The second option has been debated on many occasions, and the objections to it have been very much the same each time. Let me briefly rehearse them and say why they no longer stand ground. The first argument is that the curriculum is too full and teachers need choice. I agree that the curriculum is too full and that we need to ensure that the core subjects are taught well, but I also agree with choice. It is appropriate to consider what is included in PHSE. When the matter was last debated, even my hon. Friend the Member for East Worthing and Shoreham (Tim Loughton), who was then the answering Minister, could see the priority of ELS. He was lobbied to include knitting in PHSE, but agreed that knitting simply does not have the same value as ELS. It is perfectly possible both to include it and to retain flexibility in the curriculum. As I have said, it is only a two-hour course. On choice, we could say to schools, “It is compulsory, though you have the choice of including it in PHSE, science or PE, but it must be measured by Ofsted.” That would give flexibility.

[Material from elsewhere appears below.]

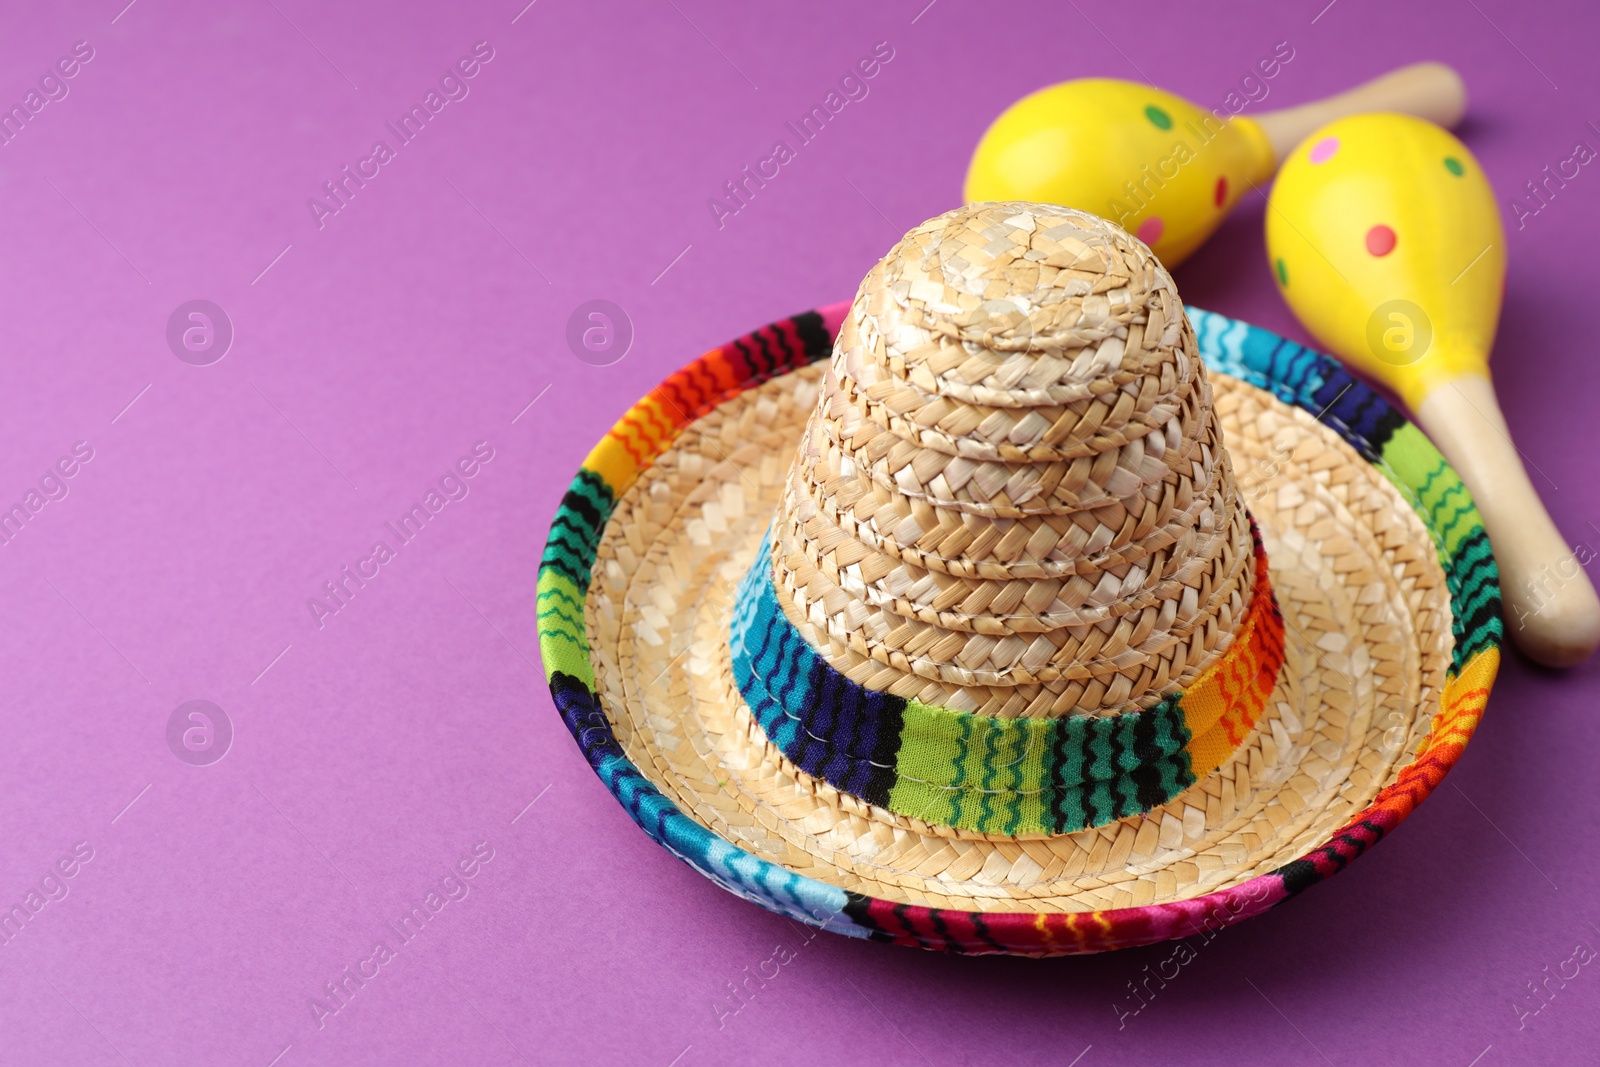 Photo of Mexican sombrero hat and maracas on purple background. Space for text

The second argument usually advanced against the proposal is cost and resource. The British Heart Foundation has estimated that it will cost £2,200 a year per school, but that is not a huge amount of money. The charitable

22 Nov 2012 : Column 779

sector, trainee doctors and general practitioners can get involved in teaching on a voluntary basis. They will do it for free, and the cascade principle says that if we teach the teachers, they will teach others and so on. I suspect that the number of people wanting to get involved and to help for free would make this a relatively inexpensive activity.

We must set that against the cost to the public purse. If an increasing number of people have brain damage when they need not have it and are kept on life support machines in hospitals, or if there is an increasing number of people who survive but who must be supported at home, the bill goes up. A day in hospital costs £400 or £500. As hon. Members know, disability living allowance can be £131 a week. That adds up to a sizeable bill. It is not just about money—there is also a cost to the family and society. As a nation, we believe in prevention rather than cure. The question, therefore, is not whether we can afford to do this, but whether we can afford not to.

Andrew Bridgen (North West Leicestershire) (Con): I congratulate my hon. Friend on bringing this important issue to the Floor of the House. I was contacted by a constituent whose brother-in-law had a huge heart attack at the age of 46 while at work. If a colleague of his had not had CPR skills to keep him alive until the ambulance arrived, he would have passed away. Does that not emphasise how important it is to give our young people those skills for the whole of their lives to help to save other people’s lives?

Anne Marie Morris: My hon. Friend is absolutely right, and leads me to the third and final objection I suspect will be raised, which is the problem of physically damaging somebody’s health through CPR by, for example, breaking a rib. No one has ever been sued for helping somebody in those circumstances. When a person has a cardiac arrest, they are almost clinically dead—only the brain is still going. So someone helping a person who has had a cardiac arrest cannot do any more physical damage because the person is pretty much dead, and no one has been sued; indeed, I do not believe that people in this country would support such legal action. In exchange for training, these young people have a huge opportunity.

In conclusion, the case has been made for emergency life-saving skills to be taught in schools consistently, to ensure it happens in all schools. It is the right thing to do for society and for the economy. It is not just a decision for the Secretary of State for Education. For all the reasons I have mentioned, the Minister should work with the Department of Health, the Department for Work and Pensions, the Department for Communities and Local Government, and the Cabinet Office. This is a broad issue. Not making it mandatory is the triumph of hope over experience.

Several hon. Members rose

Mr Deputy Speaker (Mr Nigel Evans): Order. There is now a seven-minute limit on speeches.